▶ Exercise data:
——————————

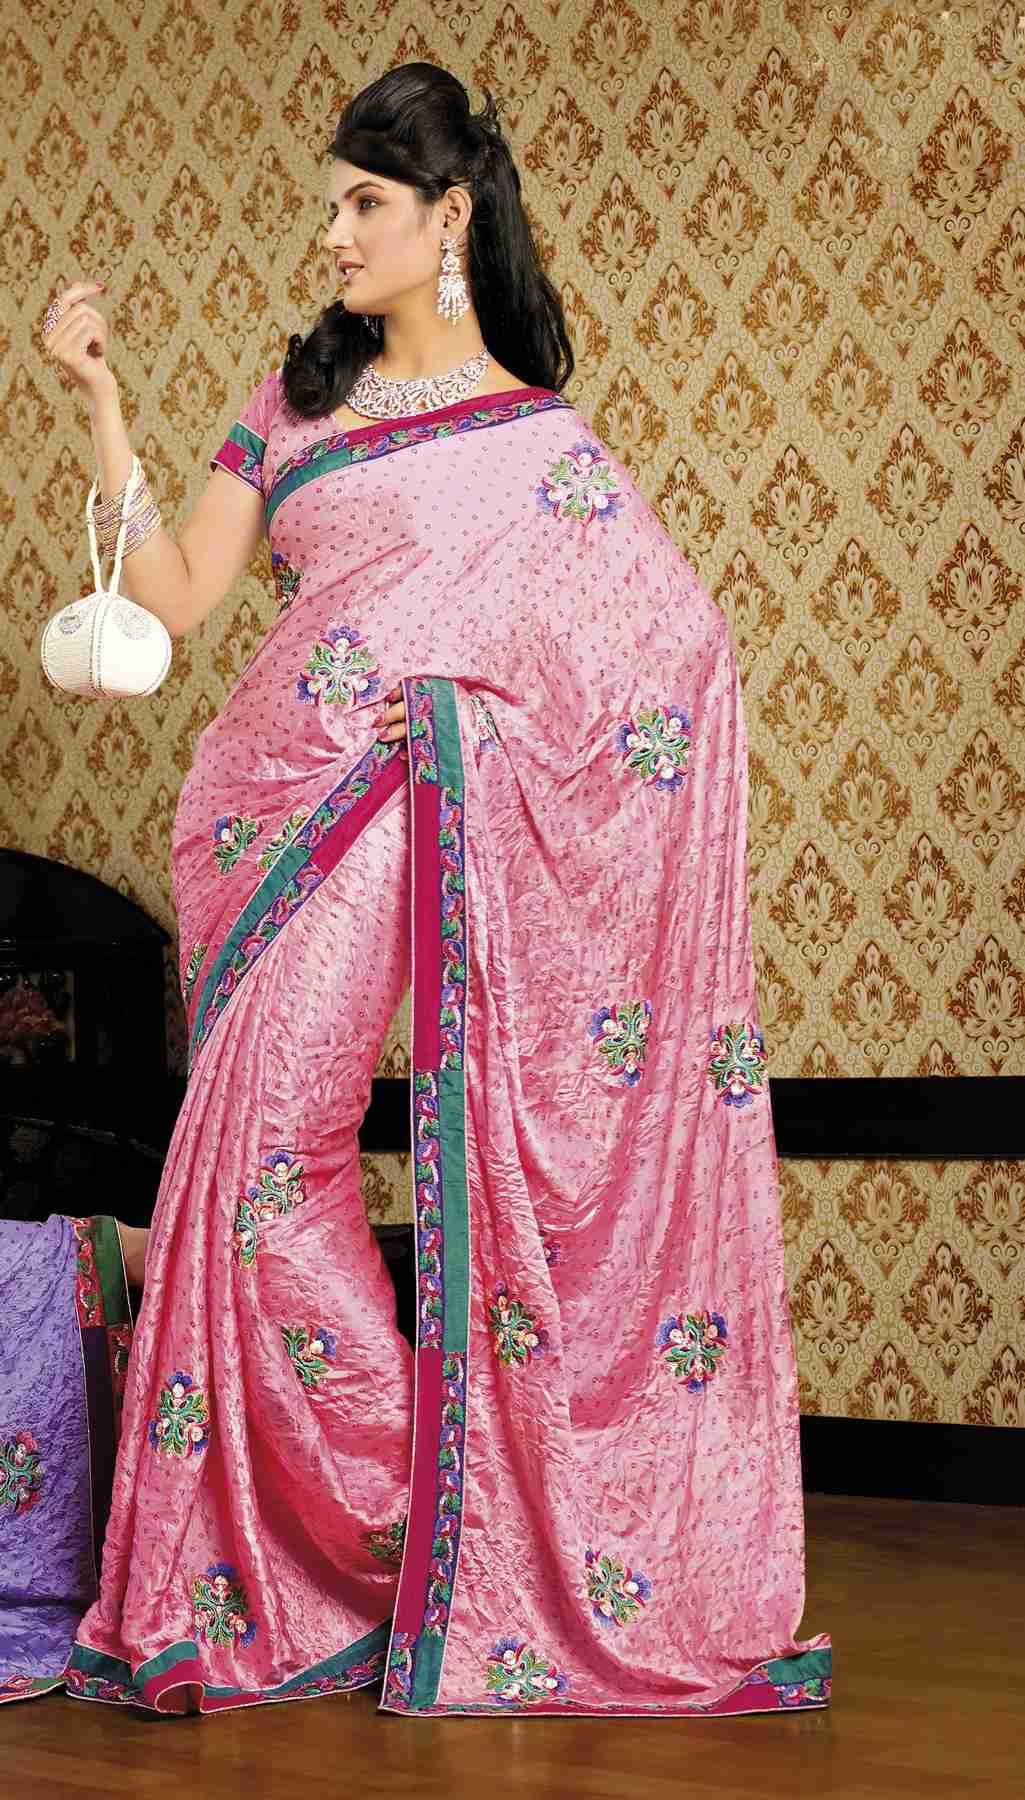 Devangi Deep Pink Faux Crepe Luxury Party Wear Sari saree
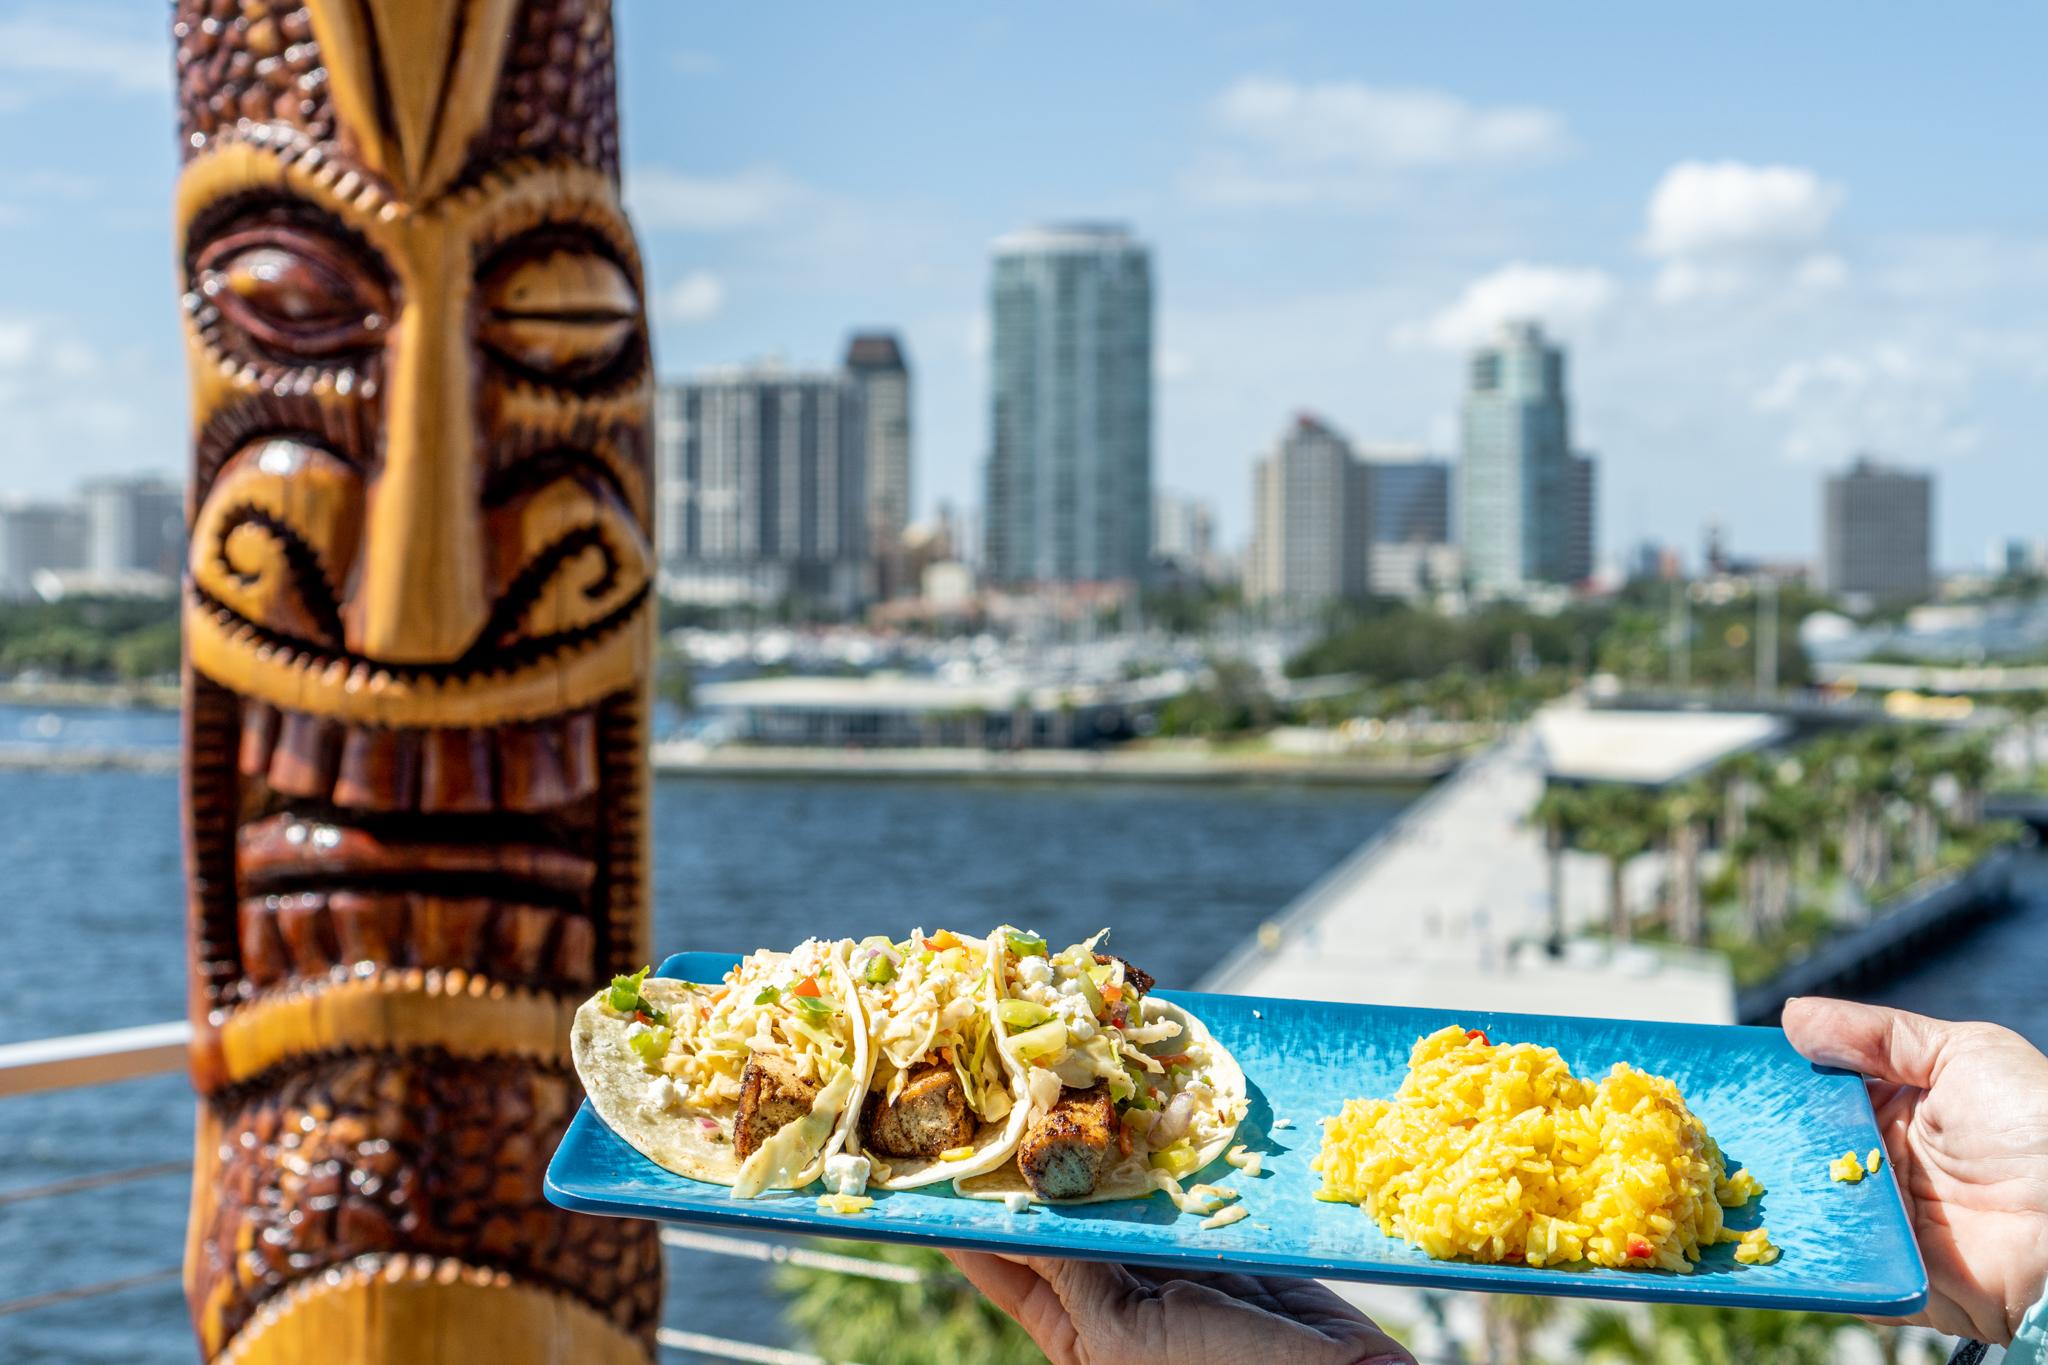 Pier Teaki Fish Tacos and Views
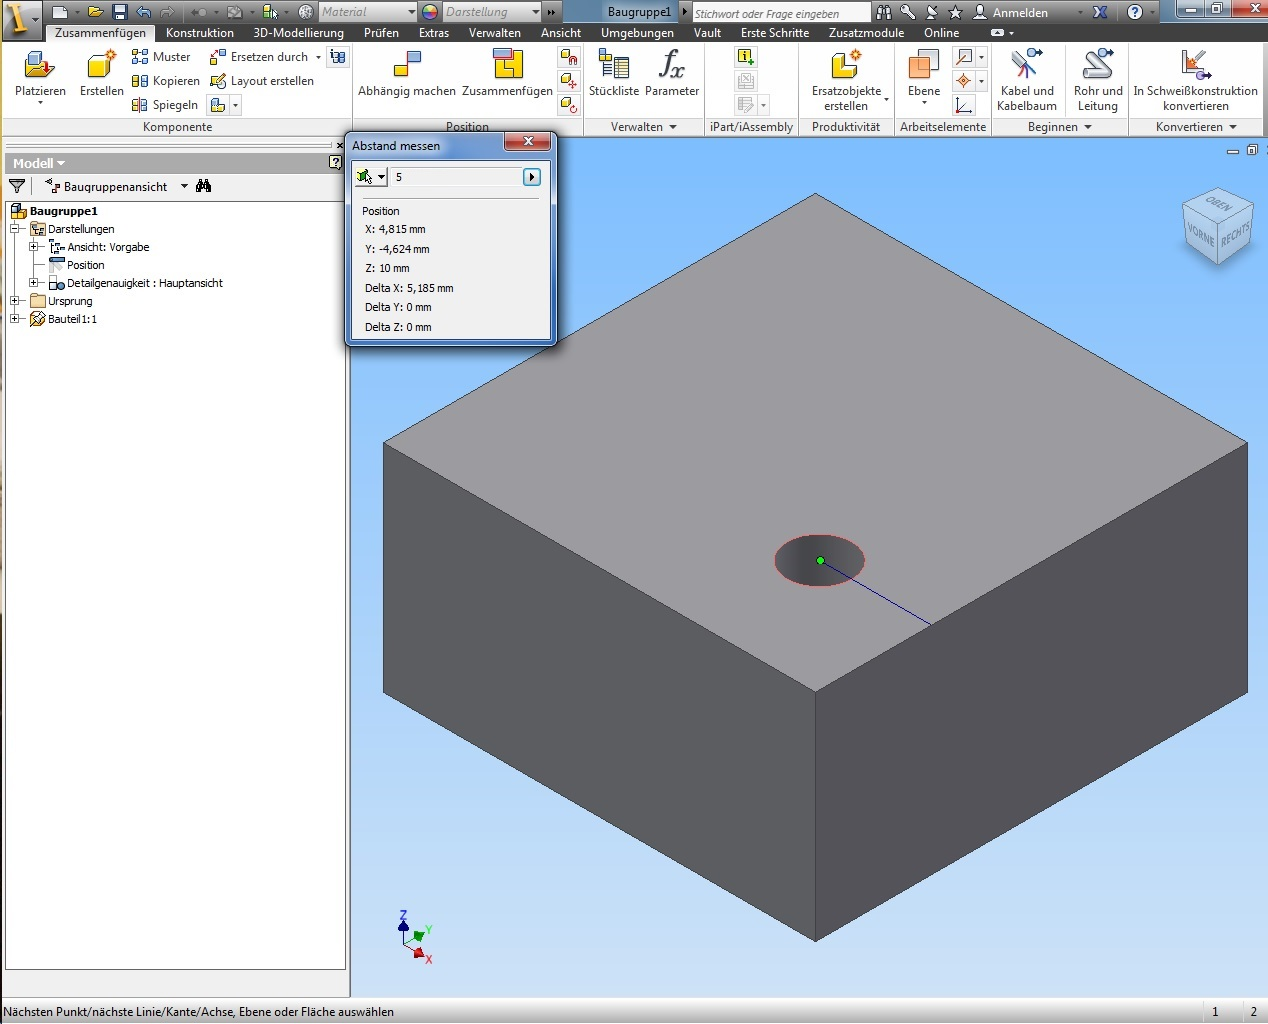 Tolle Kabelbaum Design Software Ideen - Der Schaltplan - greigo.com

——————————

Repeat the material above word for word and skip every image in it.

▶ Answer box:
 Devangi Deep Pink Faux Crepe Luxury Party Wear Sari saree
 Pier Teaki Fish Tacos and Views
 Tolle Kabelbaum Design Software Ideen - Der Schaltplan - greigo.com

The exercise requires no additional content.